[Start of Attachment]

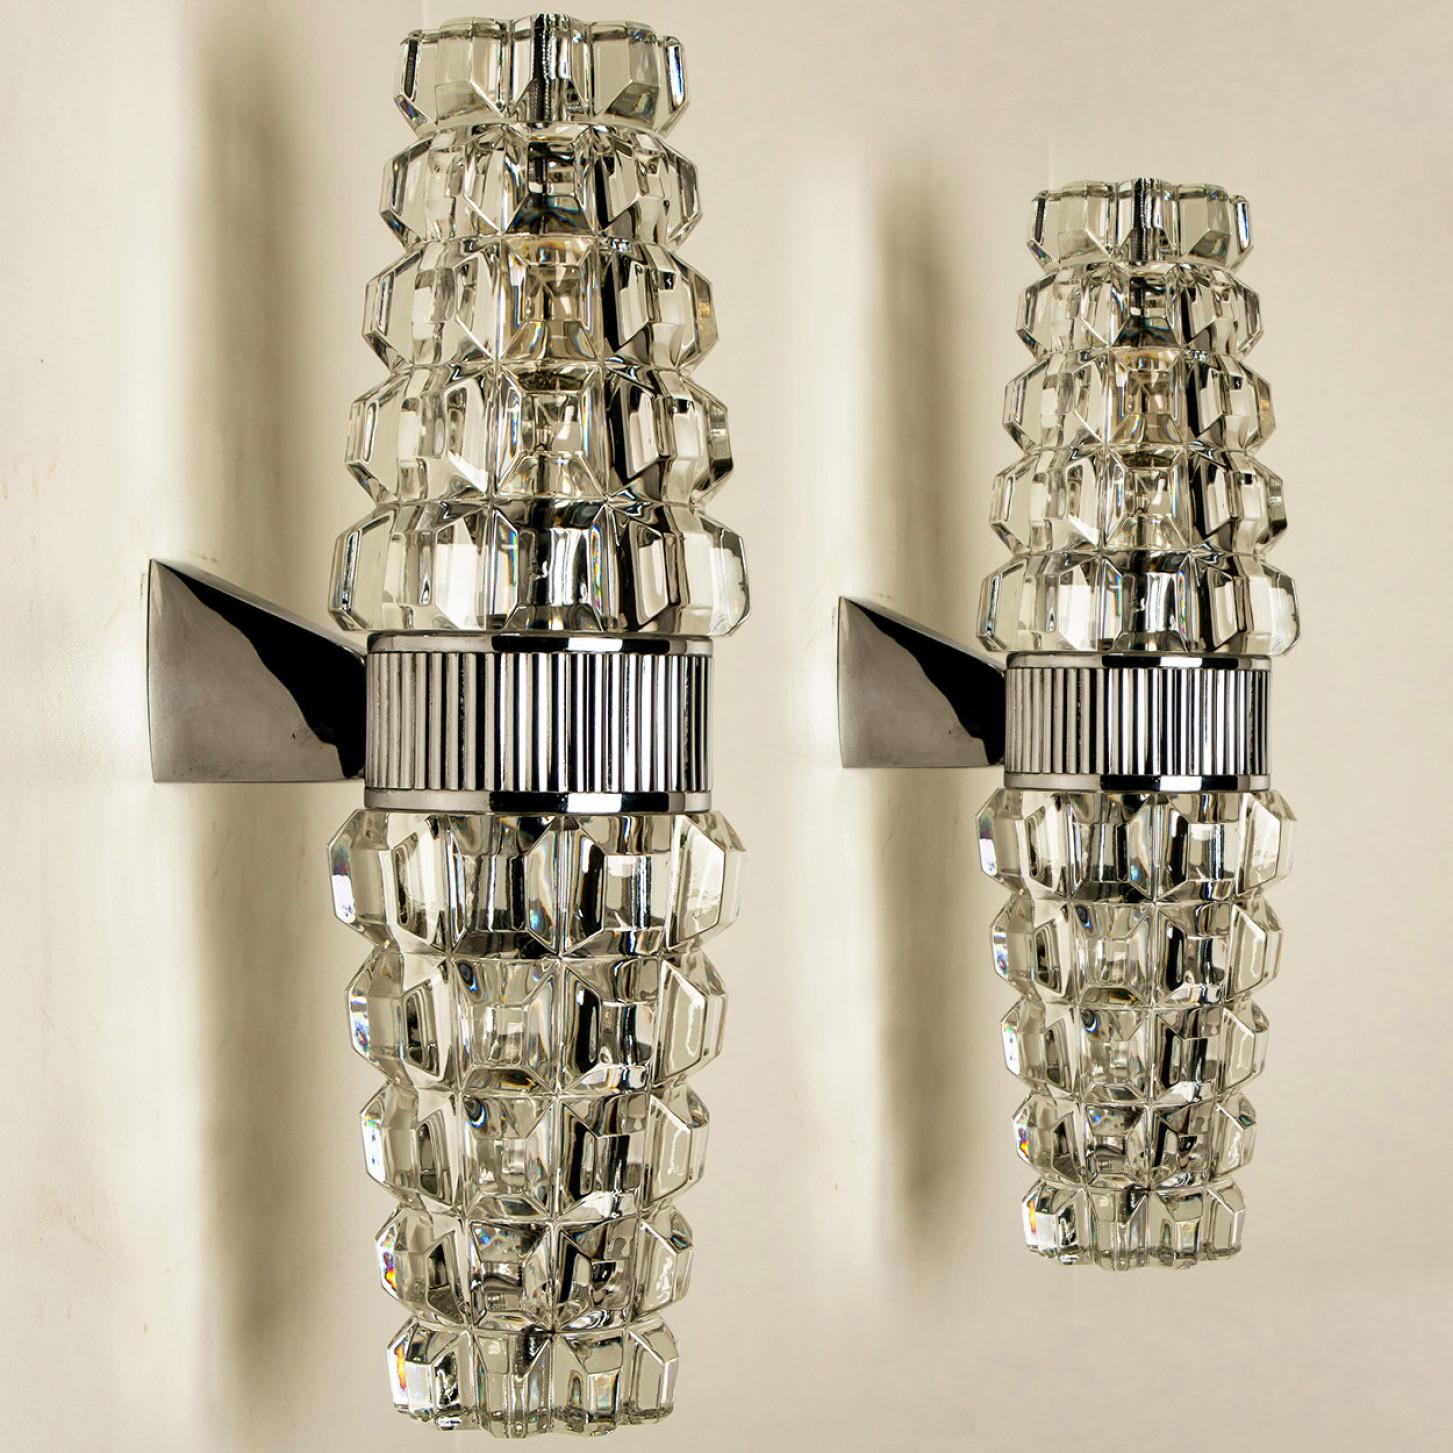 High-end wall sconces, made in France, Europe, around 1970. The wall lights are made of lead crystall and a chrome frame holding the glass.

Dimensions:
Height: 13.78 inch (35 cm)
Width: 3.94 inch (10 cm)
Depth: 5.9 inch (15 cm)
Please notice the
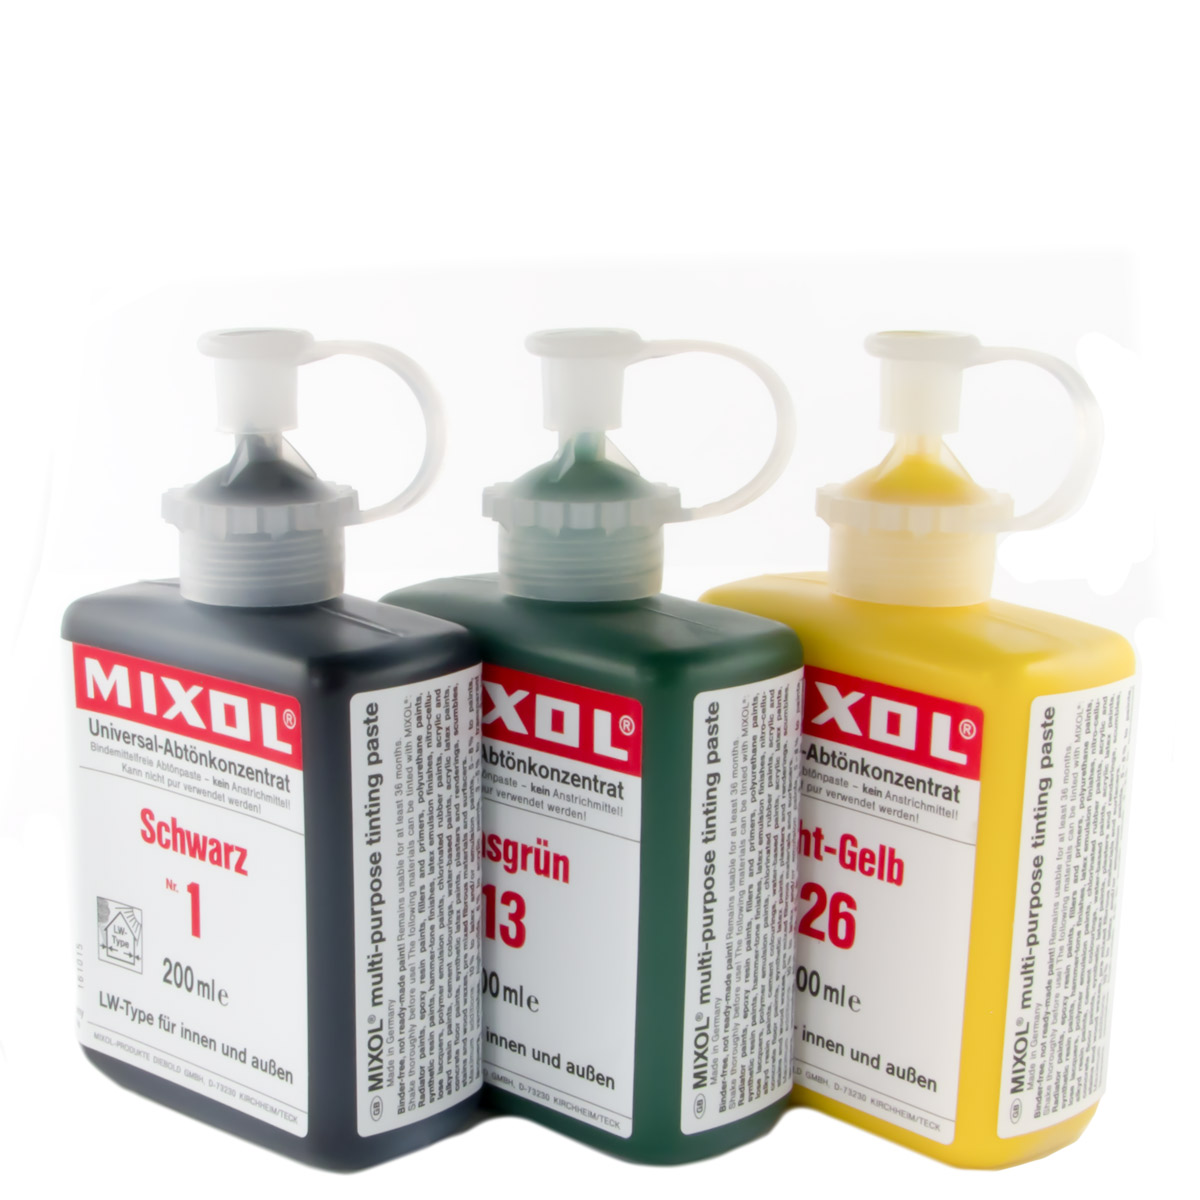 Mixol Universal Stainers

[End of Attachment]

▶ **WHAT IS NEEDED**: A faithful copy of each entry is required, and no picture may be carried into it.

▶ **ANSWER SECTION**:
 High-end wall sconces, made in France, Europe, around 1970. The wall lights are made of lead crystall and a chrome frame holding the glass.

Dimensions:
Height: 13.78 inch (35 cm)
Width: 3.94 inch (10 cm)
Depth: 5.9 inch (15 cm)
Please notice the
 Mixol Universal Stainers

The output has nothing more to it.